I risultati emersi sono senza dubbio interessanti, ma lasciano aperte alcune domande, che potrebbero essere materiale di ulteriori ricerche. Innanzitutto, andrebbe ulteriormente approfondita e chiarita la nozione di “dimensione semplice”, non intesa solo come similarità distribuzionale. Sembrano infatti esistere dimensioni più semplici di altre, e non è chiaro cosa accade quando una coppia allineata lungo una dimensione semplice nel suo senso base acquisisce un senso metaforico o figurato.

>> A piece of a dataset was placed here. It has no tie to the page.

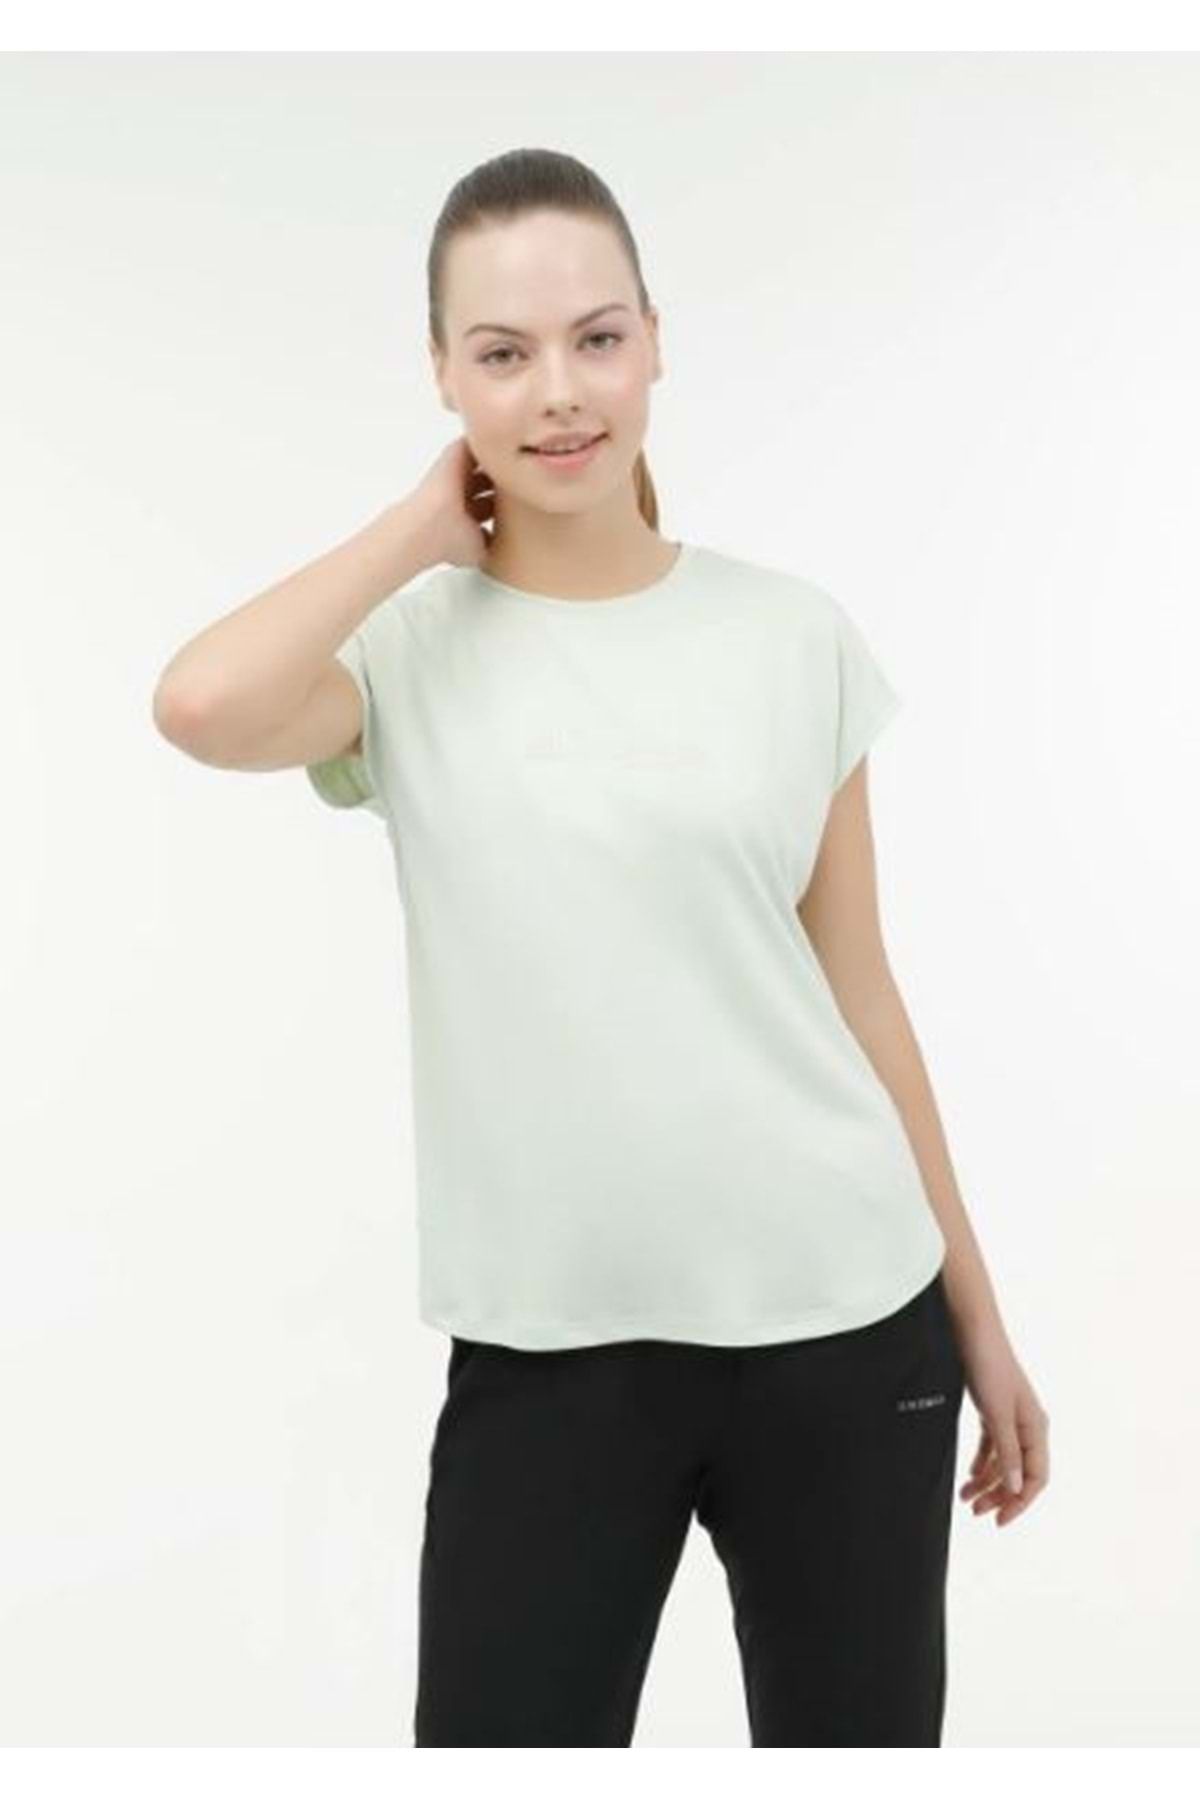 Lumberjack Wl Blaır 11ct1092 3fx Pastel Yesıl Kadın Kısa Kol T-shirt Kadın Tişört Yeşil

Sarebbe poi interessante fare anche un analisi di tipo qualitativo dei nomi che questi aggettivi modificano o di cui sono predicato; vi sono infatti coppie con bassa frequenza di produzione che però ricorrono in contesti nominali simili.

Altro terreno per successive ricerche è offerto dalle coppie morfologicamente derivate. L'interazione tra tale fattore e il parametro della concretezza sembra infatti di un certo rilievo.

Infine, sarebbe opportuno raccogliere ulteriori dati sperimentali con altri metodi, come ad esempio effettuando un esperimento di giudizio sulla bontà dell'opposizione delle coppie emerse o un esperimento di priming per valutare le eventuali differenze tra coppie opache e morfologicamente derivate.